In the Seven Years’ War, at least in the last three years of it, Frederick the Great did not think of an offensive; indeed we believe further, that generally speaking, he only acted on the offensive at any time in this war as the best means of defending himself; his whole situation compelled him to this course, and it is natural that a general should aim more immediately at that which is most in accordance with the situation in which he is placed for the time being. Nevertheless, we cannot look at this example of a defence upon a great scale without supposing that the idea of a possible counterstroke against Austria lay at the bottom of the whole of it, and saying to ourselves, the moment for that counterstroke had not arrived before the war came to a close. The conclusion of peace shows that this idea is not without foundation even in this instance; for what could have actuated the Austrians to make peace except the thought that they were not in a condition with their own forces alone to make head against the talent of the king; that to maintain an equilibrium their exertions must be greater than heretofore, and that the slightest relaxation of their efforts would probably lead to fresh losses of territory. And, in fact, who can doubt that if Russia, Sweden, and the army of the German Empire had ceased to act together against Frederick the Great he would have tried to conquer the Austrians again in Bohemia and Moravia?
Having thus defined the true meaning of the defensive, having defined its boundaries, we return again to the assertion that the defensive is the stronger form of making war.
Upon a closer examination, and comparison of the offensive and defensive, this will appear perfectly plain; but for the present we shall confine ourselves to noticing the contradiction in which we should be involved with ourselves, and with the results of experience by maintaining the contrary to be the fact. If the offensive form was the stronger there would be no further occasion ever to use the defensive, as it has merely a negative object, every one would be for attacking, and the defensive would be an absurdity. On the other hand, it is very natural that the higher object should be purchased by greater sacrifices. Whoever feels himself strong enough to make use of the weaker form has it in his power to aim at the greater object; whoever sets before himself the smaller object can only do so in order to have the benefit of the stronger form—If we look to experience, such a thing is unheard of as any one carrying on a war upon two different theatres—offensively on one with the weaker army, and defensively on the other with his strongest force But if the reverse of this has everywhere and at all times taken place that shows plainly that generals although their own inclination prompts them to the offensive, still hold the defensive to be the stronger form. We have still in the next chapters to explain some preliminary points.
CHAPTER II.
The Relations of the Offensive and Defensive to Each Other in Tactics
First of all we must inquire into the circumstances which give the victory in a battle.
Of superiority of numbers, and bravery, discipline, or other qualities of an army, we say nothing here, because, as a rule, they depend on things which lie out of the province of the art of war in the sense in which we are now considering it; besides which they exercise the same effect in the offensive as the defensive; and, moreover also, the superiority in numbers in general cannot come under consideration here, as the number of troops is likewise a given quantity or condition, and does not depend on the will or pleasure of the general.

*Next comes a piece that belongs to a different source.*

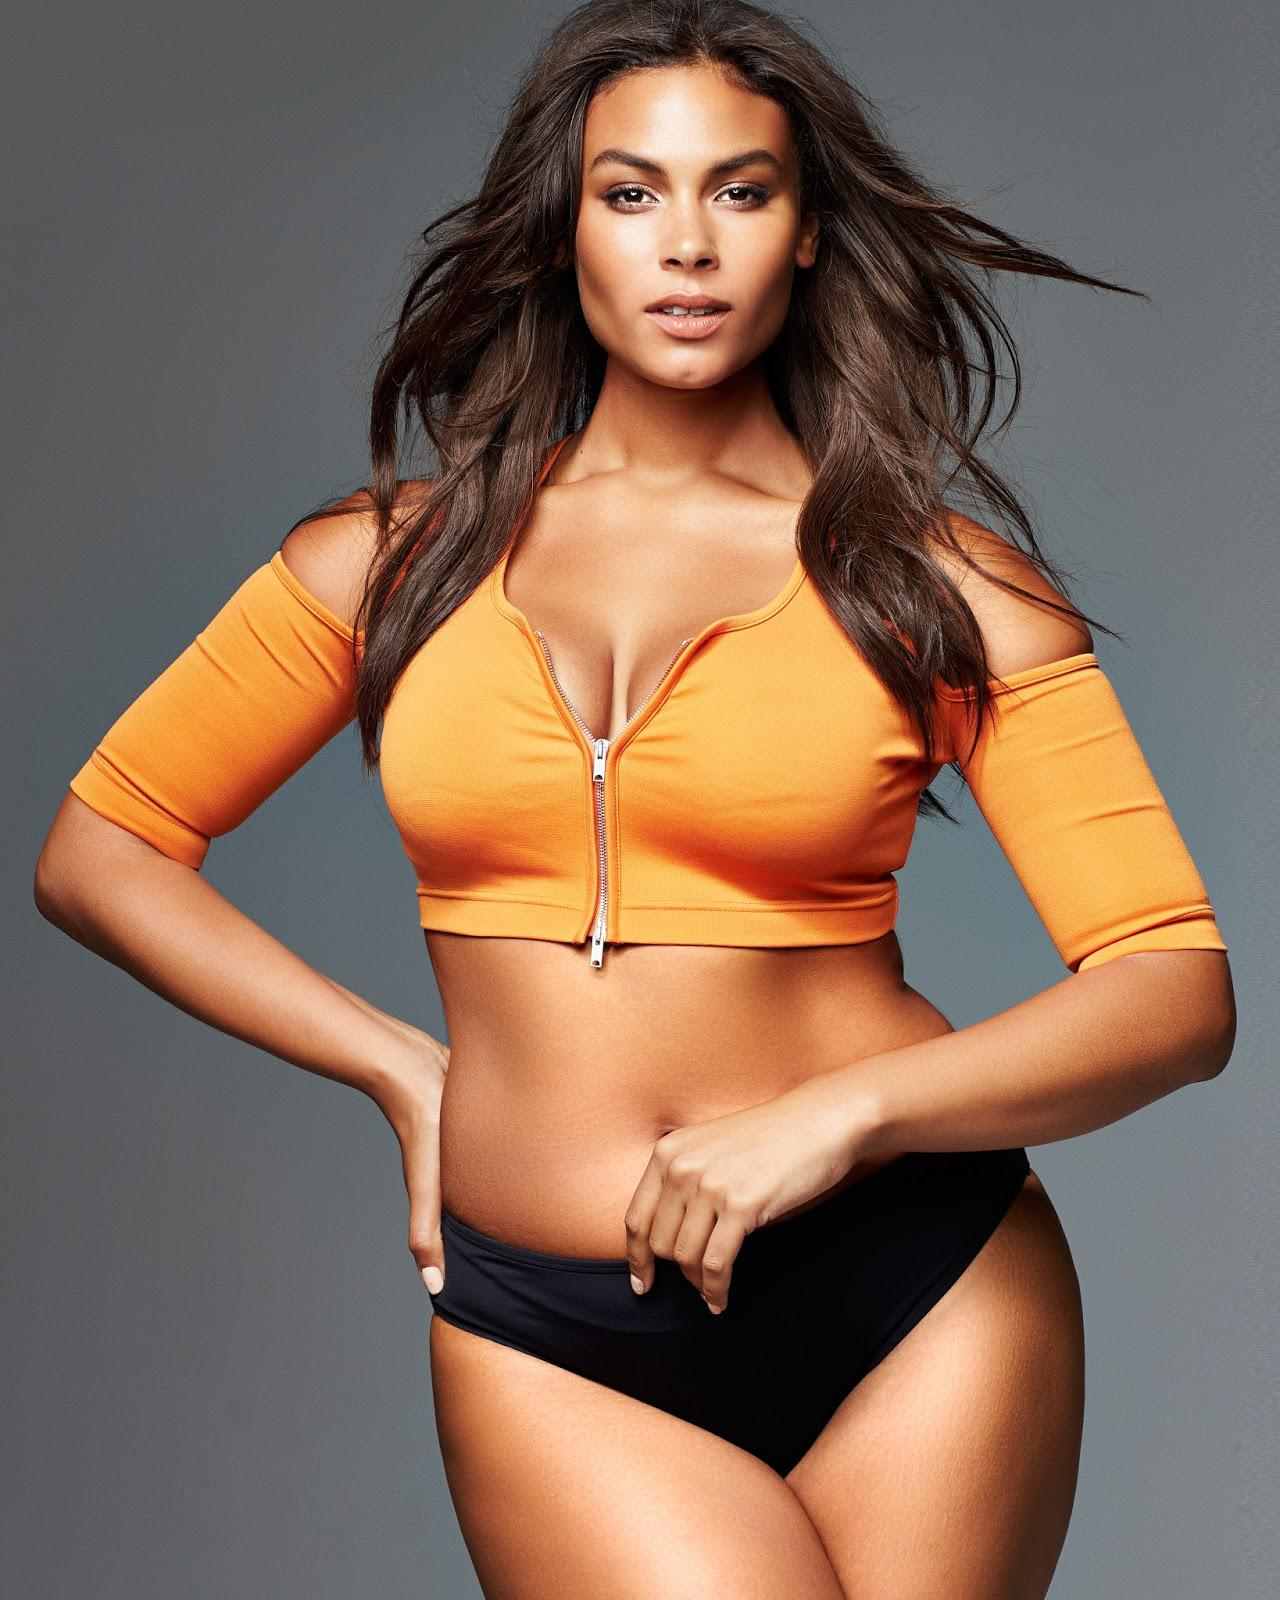 Plus Size Bikini Models - Marquita Pring

Further, these things have no particular connection with attack and defence. But, irrespective of these things, there are other three which appear to us of decisive importance, these are: surprise, advantage of ground, and the attack from several quarters. The surprise produces an effect by opposing to the enemy a great many more troops than he expected at some particular point. The superiority in numbers in this case is very different to a general superiority of numbers; it is the most powerful agent in the art of war.—The way in which the advantage of ground contributes to the victory is intelligible enough of itself, and we have only one observation to make which is, that we do not confine our remarks to obstacles which obstruct the advance of an enemy, such as scarped grounds, high hills, marshy streams, hedges, inclosures, etc.; we also allude to the advantage which ground affords as cover, under which troops are concealed from view. Indeed we may say that even from ground which is quite unimportant a person acquainted with the locality may derive assistance. The attack from several quarters includes in itself all tactical turning movements great and small, and its effects are derived partly from the double execution obtained in this way from fire-arms, and partly from the enemy’s dread of his retreat being cut off.
Now how do the offensive and defensive stand respectively in relation to these things?
Having in view the three principles of victory just described, the answer to this question is, that only a small portion of the first and last of these principles is in favour of the offensive, whilst the greater part of them, and the whole of the second principle, are at the command of the party acting defensively.
The offensive side can only have the advantage of one complete surprise of the whole mass with the whole, whilst the defensive is in a condition to surprise incessantly, throughout the whole course of the combat, by the force and form which he gives to his partial attacks.
The offensive has greater facilities than the defensive for surrounding and cutting off the whole, as the latter is in a manner in a fixed position while the former is in a state of movement having reference to that position. But the superior advantage for an enveloping movement, which the offensive possesses, as now stated, is again limited to a movement against the whole mass; for during the course of the combat, and with separate divisions of the force, it is easier for the defensive than for the offensive to make attacks from several quarters, because, as we have already said, the former is in a better situation to surprise by the force and form of his attacks.